In instances where new specimens are added to the collection, these go through a strict quarantine process to make sure they don’t bring any pests with them — a process which incorporates both drying and freezing to kill adult pests as well as any potential eggs. In the very unlikely event that any pests make it through the seven-day quarantine period unscathed, the collection is housed across six separate vaults, so any infestations will be contained.
So what exactly do you do with over 1 million specimens? Dr Summerell explained that the facility’s team of nearly 100 scientists, acting on behalf of the Australian Institute of Botanical Science, carries out a lot of work in terms of molecular understanding of plant groups and how various processes happen.
“It all comes down to DNA analysis — extraction of DNA from plant samples, looking at using DNA to be able to understand relationships between different species, how they might be related, whether they’re unique, and also looking at that to understand the processes that have happened from the fossil record through to the future in terms of understanding how plants may have adapted or changed as a result of historical and prehistoric changes in climate, and maybe being able to use that to predict what might happen in the future given current trends,” he said.

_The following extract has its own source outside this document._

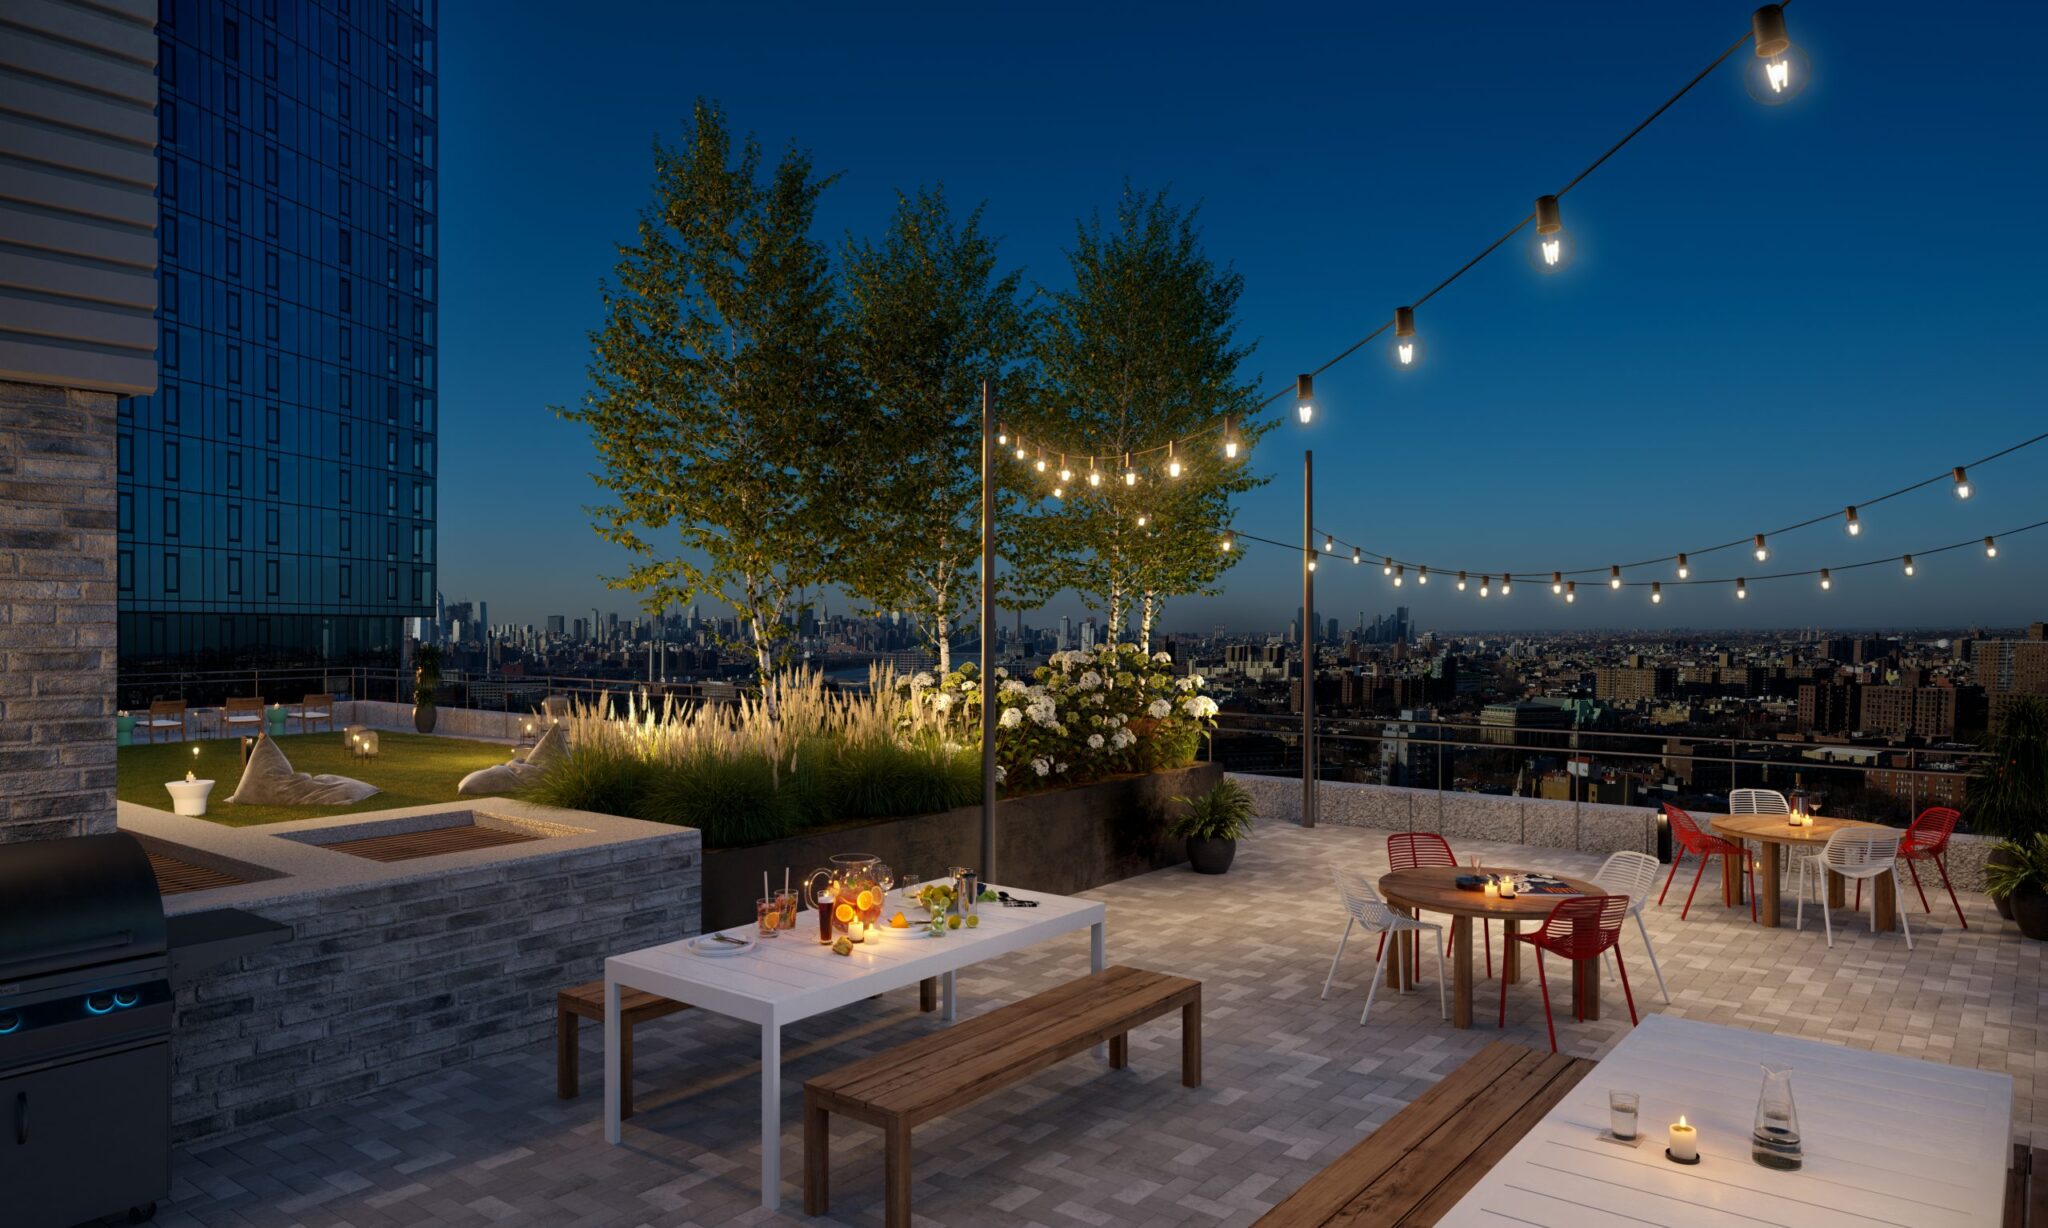 Expansive views from the Plank Road rooftop dining and grilling area with landscaping

“So as well as looking at the historical facts, it’s very much forward looking, using all the latest cutting-edge tools. In fact, a lot of the molecular work that happens in groups like plants or fungi are ways in which we can test different technologies and techniques so that we can actually start to look at them in mammals and in humans.”
The herbarium also has a Botanical Identification Service that enables people to send in their own specimens to have them identified, or even to come in themselves to use the facilities. Dr Summerell said, “We get specimens sent in from a whole variety of different sources, whether it’s for environmental assessments; weed identifications; where livestock get poisoned and they want to know the particular plant causing problems; even forensic botany, where there might be a piece of plant material or flower or whatever associated with a corpse.”
Furthermore, it is not unusual for the herbarium to identify a species that is new to science, with Marco Duretto, Manager of Plant Diversity, saying, “We’re one of those megadiverse countries where we have 26,000 different species of flowering plant, and we’re describing a couple of hundred a year at least. And our institution does a good whack of that.”
Indeed, back in 1994 the herbarium was the institute that identified the Wollemi pine, previously only known through fossil records. Now endangered, Wollemi specimens are being grown in the Australian Botanic Garden Mount Annan’s nursery — which was recently relocated within the garden in order to make room for the herbarium — with the aim of finding ways to futureproof those that still exist in the wild.
The Wollemi is not the only species the nursery is helping to conserve, with some of its other specimens including the pink flannel flower from the Blue Mountains, which germinates under very specific post-bushfire conditions; Polystichum moorei, an endangered fern that can only be found in the wild on Lord Howe Island; and Lenwebbia, which is currently under threat due to myrtle rust — a fungal disease that has wiped out a range of Australian Myrtaceae species since it was first detected in 2010. Saving species from myrtle rust is a key initiative of the nursery as well as the Australian PlantBank, with the latter conserving affected specimens via novels methods including tissue culture and cryo preservation.
The herbarium thus appears to be in good company, surrounded in its new home by other facilities that are doing their bit to preserve Australia’s precious biodiversity. With their powers combined, the future of our plant life looks to be in safe hands.